Sécurité sociale : Quels éléments désincitatifs au niveau de la législation du régime contributif ?

 

Malgré de nombreux acquis, le système de sécurité sociale tunisien est relativement hétérogène, composé de régimes à législation différente, où les affiliés, étant donné leur situation socio-économique, présentent dans certains cas une instabilité en termes de contribution sociale, favorisant ainsi le développement de l’informalité.
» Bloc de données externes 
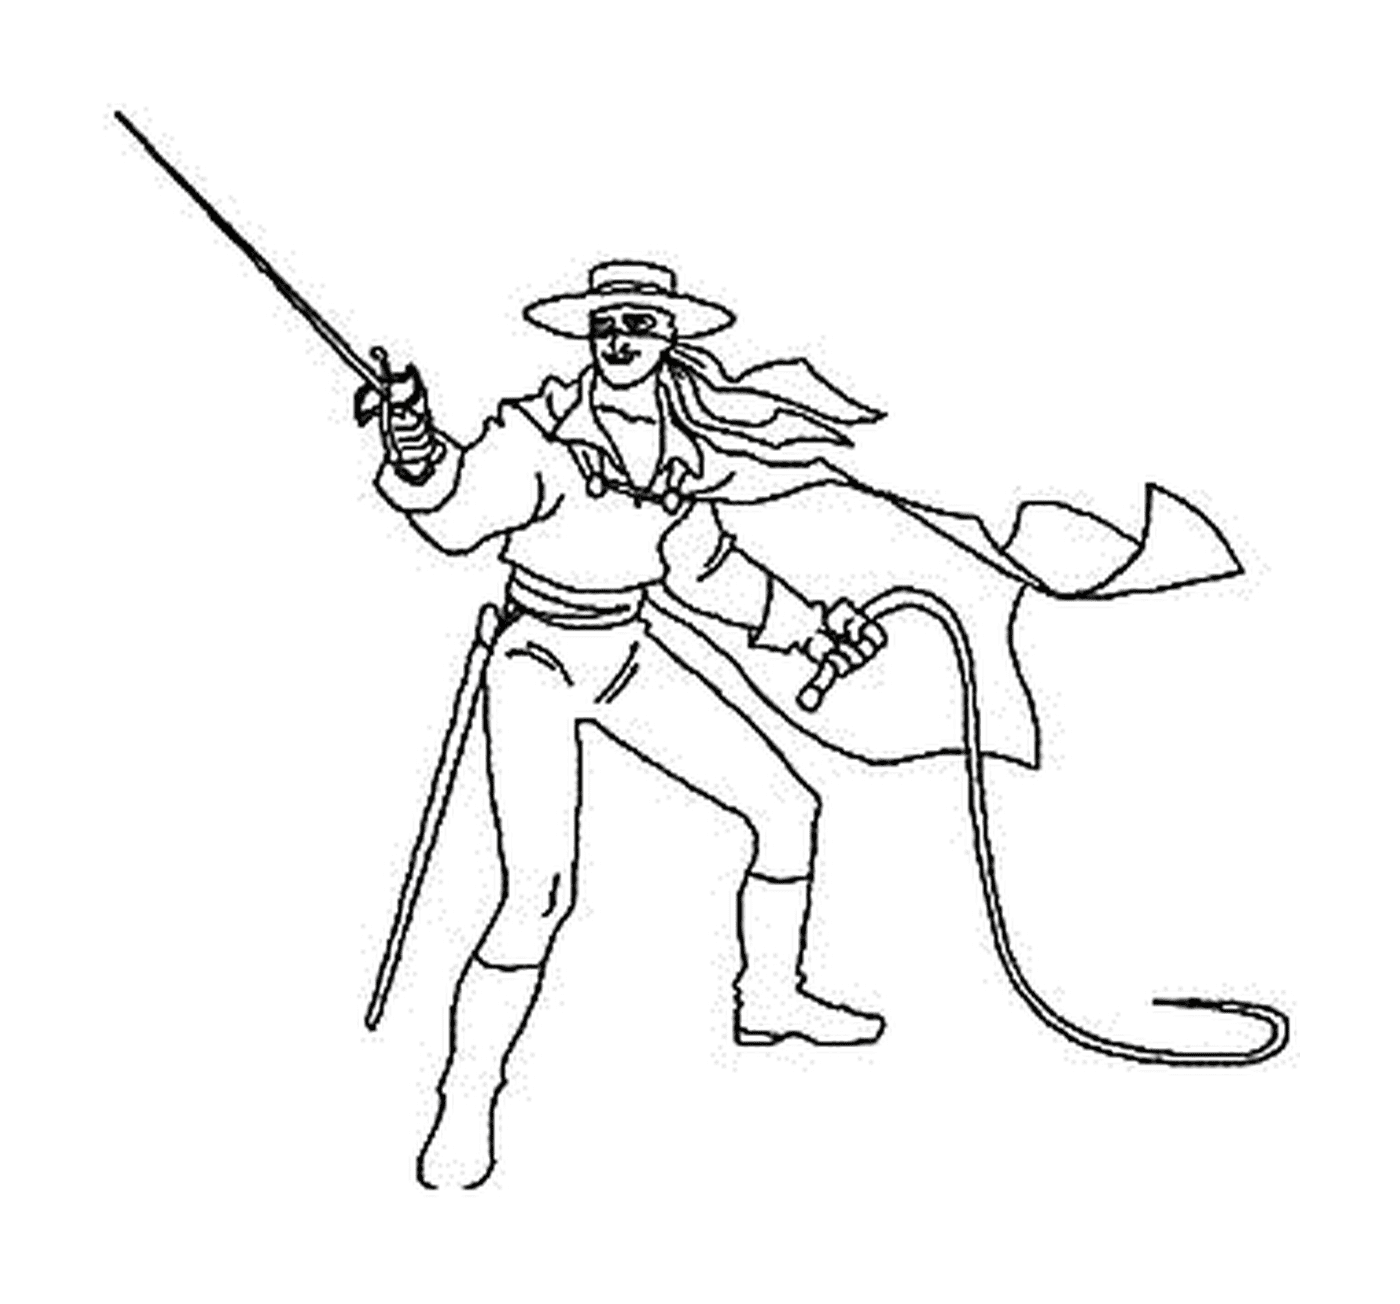  Zorro com seu chicote e espada 
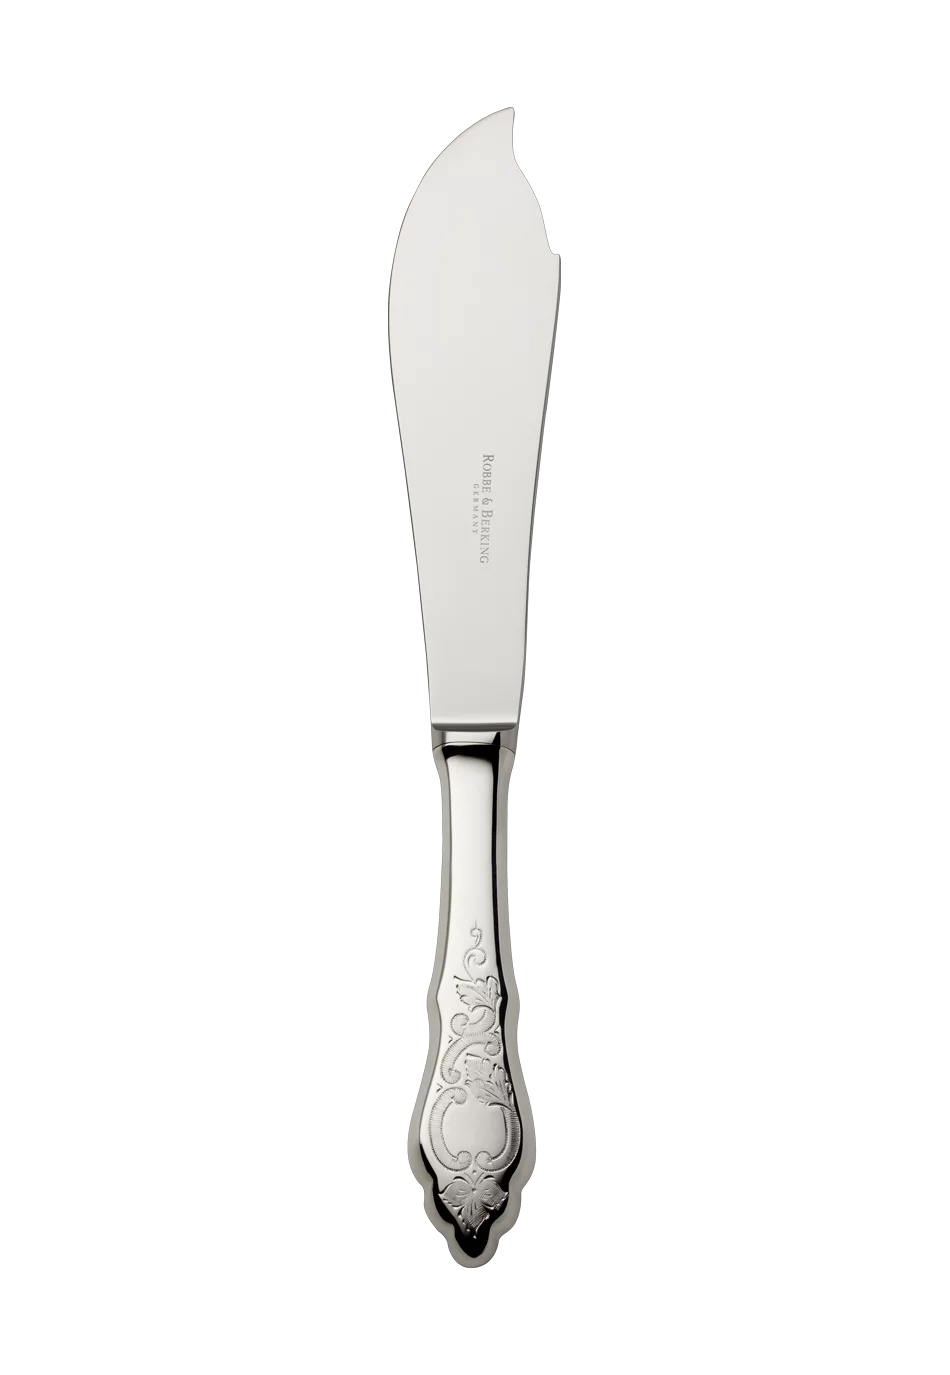 Ostfriesen Tart Knife (18/8 stainless steel)

Mais, au-delà du comportement des affiliés qui est en partie lié à leur situation socioéconomique, la législation de certains régimes peut elle-même encourager certains comportements stratégiques pour affaiblir la couverture sociale. – La possibilité de départ à la retraite à 50 ans : En effet, le régime Rsna prévoit la possibilité d’obtenir une pension de retraite à partir de l’âge de 50 ans pour motif de licenciement économique. Cela peut inciter un affilié à cumuler pension de retraite et travail dans l’informel vu qu’il se trouve encore loin de l’âge de la retraite. Pour l’année 2019, les flux de retraités s’élevaient à 3.500 personnes, représentant 20 millions de dinars de dépenses de pension. Le nombre total de retraités de cette catégorie est de 50.000 personnes, représentant 18 % des dépenses de pension en 2019.

– Des capacités de contrôle limitées : Les régimes des indépendants peuvent ne pas payer de cotisation au cours de leur période d’activité, mais doivent régulariser leur situation au moment du départ à la retraite. Le manque de contrôle et l’absence de pénalités peuvent encourager cette catégorie de travailleurs à ne pas cotiser sur des périodes assez longues, favorisant également l’informalité. C’est ce qui explique en partie l’écart entre le nombre de cotisants et le nombre d’affiliés chez les indépendants. Par ailleurs, il est essentiel de conduire des contrôles sur le régime Rsna qui est le régime le plus important de la Cnss en termes d’affiliés et de dépenses. La caisse dispose à ce niveau de capacités très limitées estimées à trois cents contrôleurs pour près de 128.000 employeurs.

– Des systèmes de cotisation inadaptés aux travailleurs précaires: L’expérience tunisienne a bien montré qu’il ne suffit pas de créer des régimes spécifiques à certains travailleurs, en général précaires, pour améliorer leur couverture sociale. La création des régimes Rtfr et Raci n’a pas sensiblement amélioré la couverture sociale des populations concernées. Il est important à ce niveau d’avoir une approche globale qui permette de tenir compte de l’ensemble des caractéristiques sociodémographiques des populations concernées. Des critères précis sont à prendre en considération afin de s’assurer de l’efficience d’un régime de sécurité sociale. L’approche Droits de l’Homme de la protection sociale apporte des éléments d’analyse précis autour de critères quantitatifs et qualitatifs qui permettent d’évaluer un système de protection sociale dans sa capacité à s’adapter aux besoins de la population active et, en particulier, celle qui est vulnérable.